A simple yet effective method to reduce VOC emissions is to allow the excess varnish to drain from the windings (Figure 2) prior to placing them in the bake oven. 

Consider non-VOC resins 
Alternatives to solvent varnishes are 100% solids resins and reduced-VOC products such as some trickle resins. The 100% solids resins are available as either epoxies or polyes­ters, as are the trickle resins. Another benefit to the non-VOC resins is the fire safety aspect of inherently higher flashpoint. 
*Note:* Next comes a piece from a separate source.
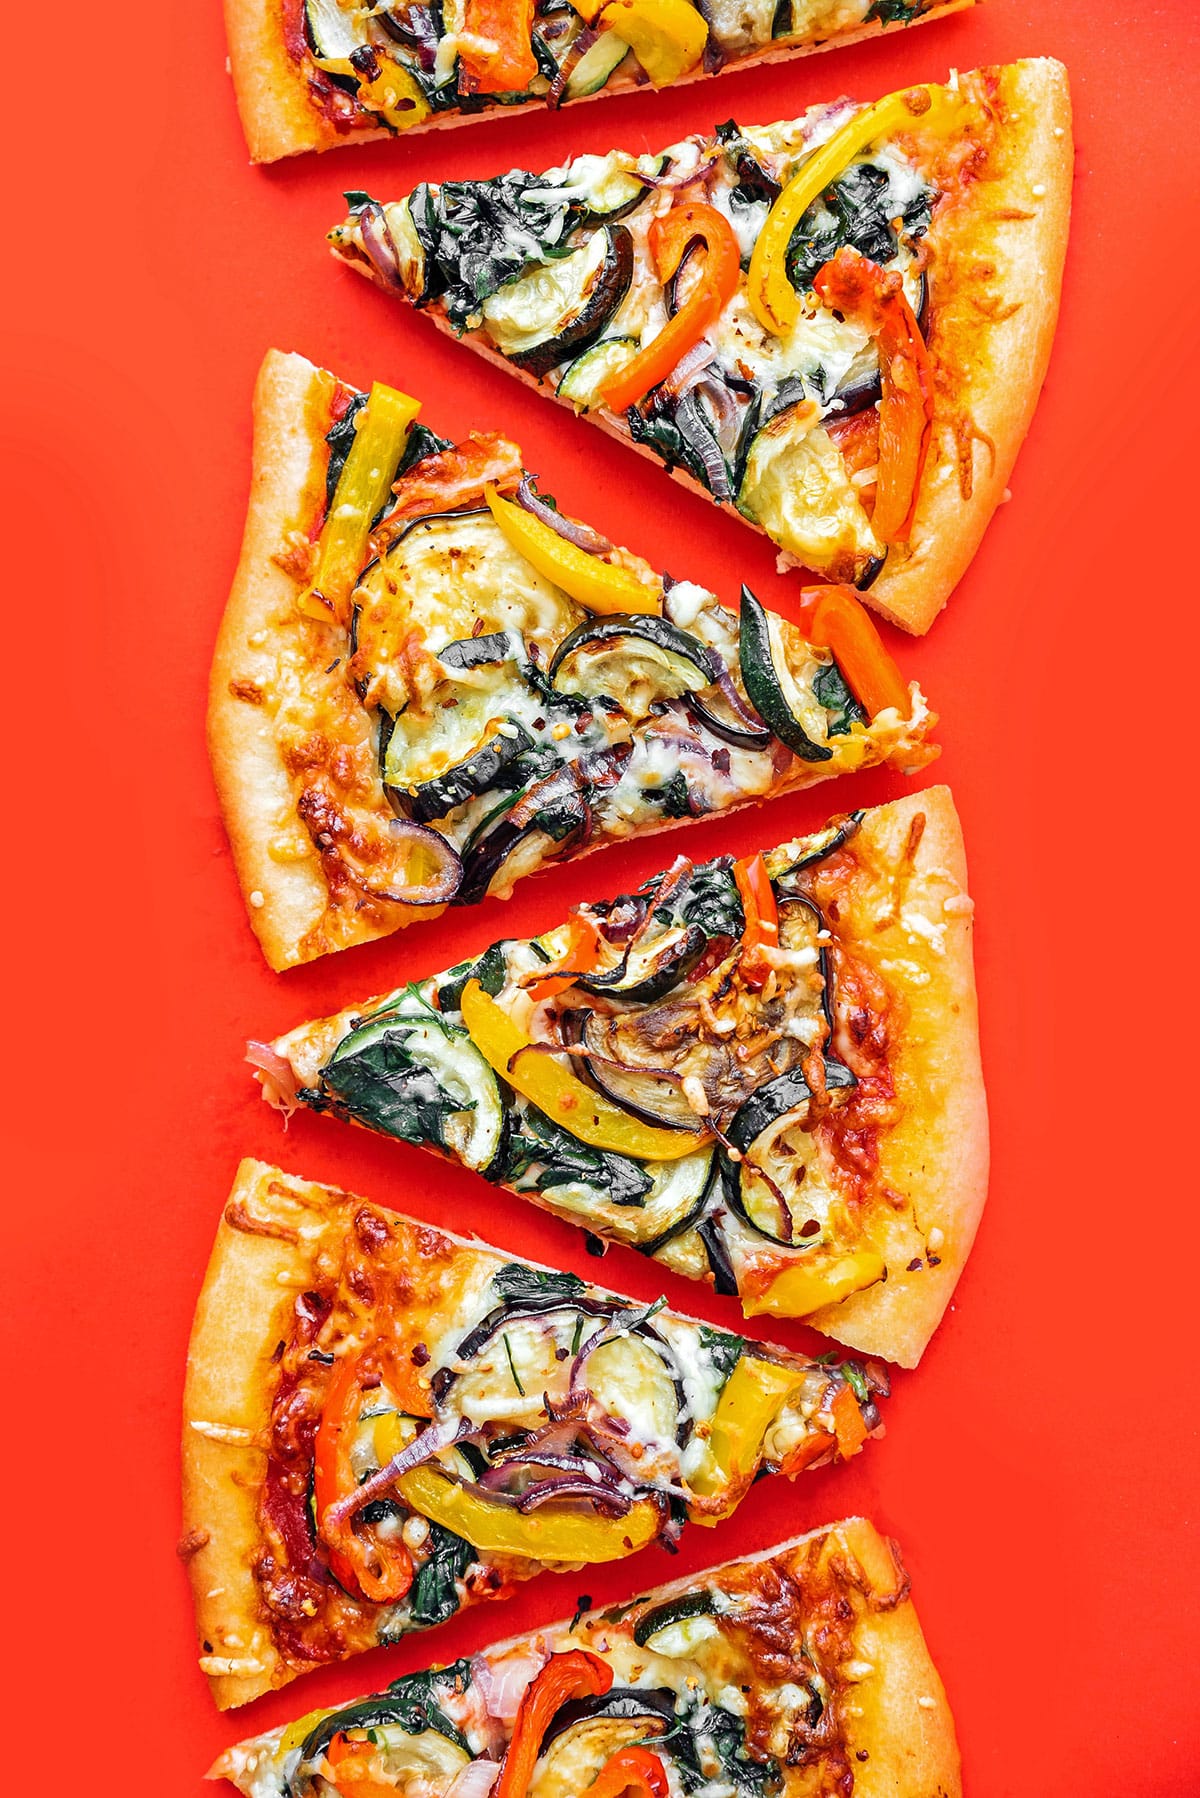 Veggie pizza on a red background.

Products containing VOCs are often more flammable than compa­rable resins with 100% solids. These products can be applied in the same way as with traditional solvent varnishes. That is, the dip and bake or trickle processes are no different than with products containing VOCs. The alternative products are available in higher temperature class ratings such as class F and class H. 

Although they do not contain solvents, there are other components that are added to the solventless resin base product. For example, a resin may have a “stabilizer” added to it, which may have to be replenished with usage of the resin product. Similar to the way heating of a varnish causes the solvent to be given off faster than the base varnish, heating of the resin causes the stabilizer component to also be driven off. 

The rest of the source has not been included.